INSERT [dbo].[Fellows] ([ClientName], [Program], [StartDate], [Gender], [Location])
VALUES ('Arnold Lotfrey', 'Program_A', '2020-10-01', 'Male', 'US')

INSERT [dbo].[Fellows] ([ClientName], [Program], [StartDate], [Gender], [Location])
VALUES ('Richard Books', 'Program_B', '2020-11-01', 'Male', 'UK')

INSERT [dbo].[Fellows] ([ClientName], [Program], [StartDate], [Gender], [Location])
VALUES ('Camero Lovely', 'Program_B', '2020-11-01', 'Female', 'CA')

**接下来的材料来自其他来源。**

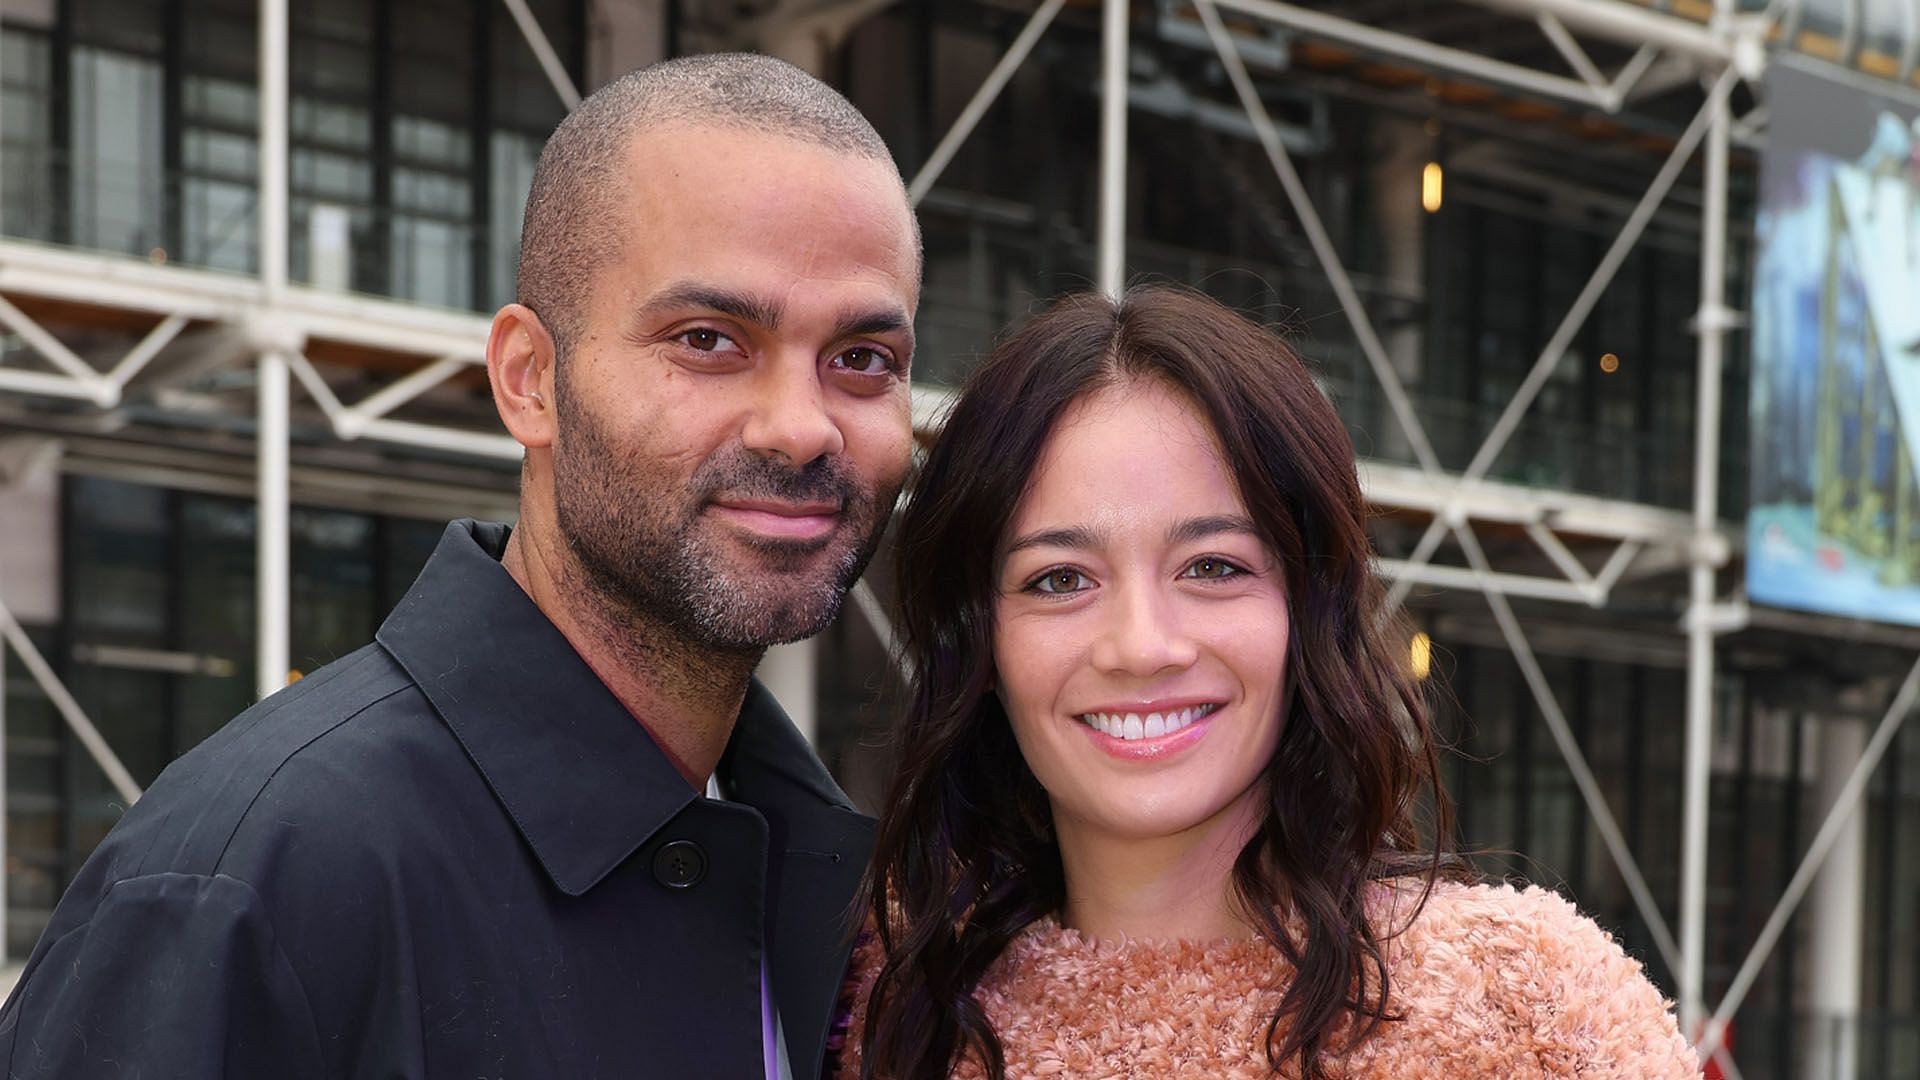 Tony Parker is dating Alize Lim, following his divorce from Axelle Francine
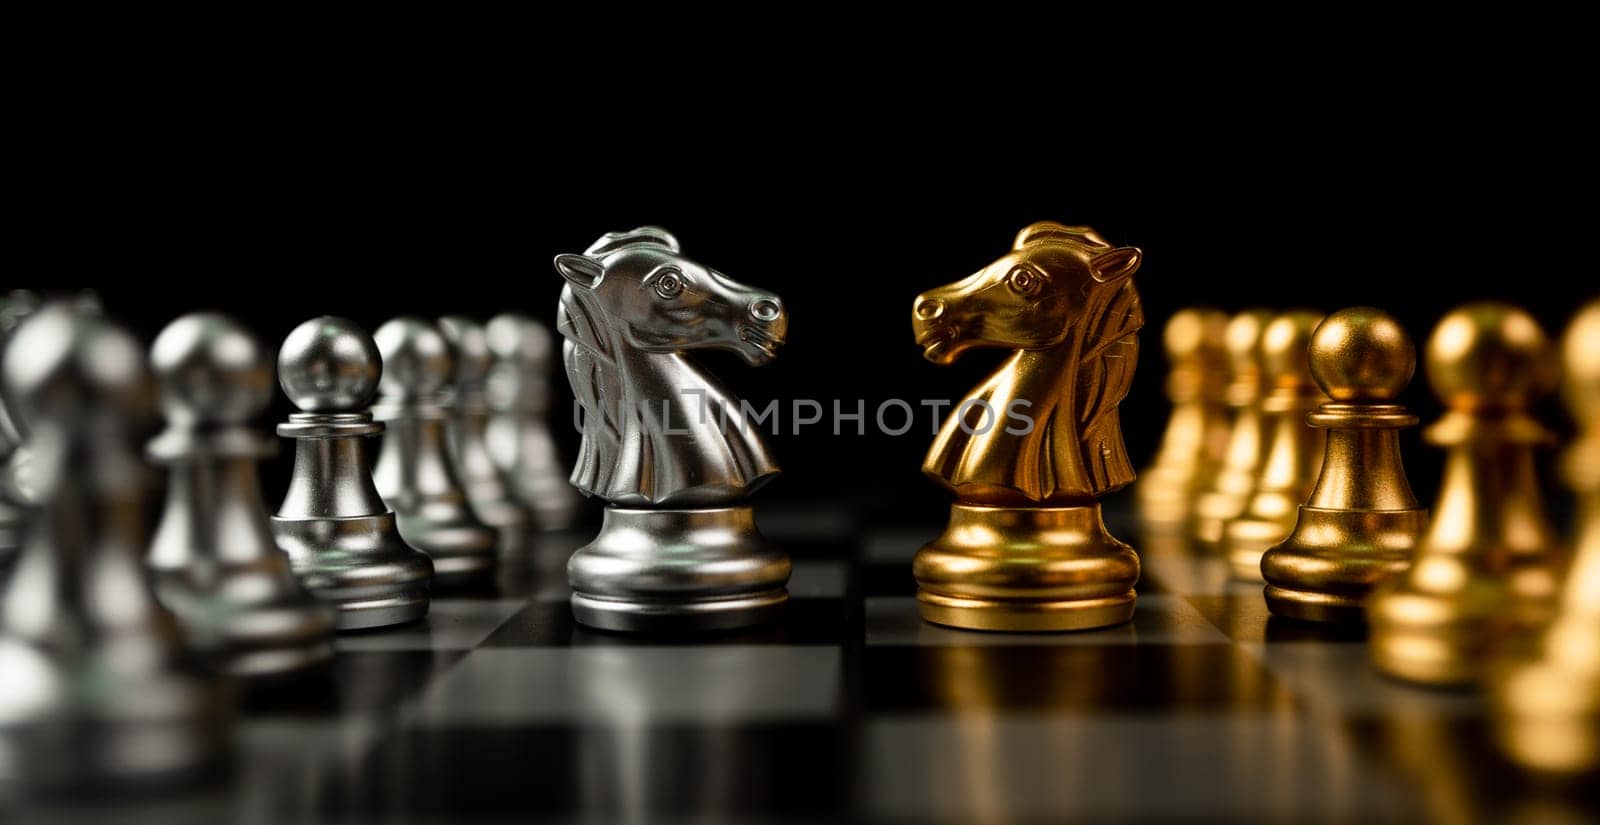 Golden and silver horse chess pieces Invite face to face and There are chess pieces in the background. Concept of competing, leadership and business vision for a win in business games by PattyPhoto

INSERT [dbo].[Fellows] ([ClientName], [Program], [StartDate], [Gender], [Location])
VALUES ('Henry Lakes', 'Program_B', '2020-11-01', 'Male', 'UK')

INSERT [dbo].[Fellows] ([ClientName], [Program], [StartDate], [Gender], [Location])
VALUES ('Cameron Lovely', 'Program_B', '2020-12-01', 'Female', 'US')

INSERT [dbo].[Fellows] ([ClientName], [Program], [StartDate], [Gender], [Location])
VALUES ('Paula Mint', 'Program_A', '2020-11-01', 'Female', 'US')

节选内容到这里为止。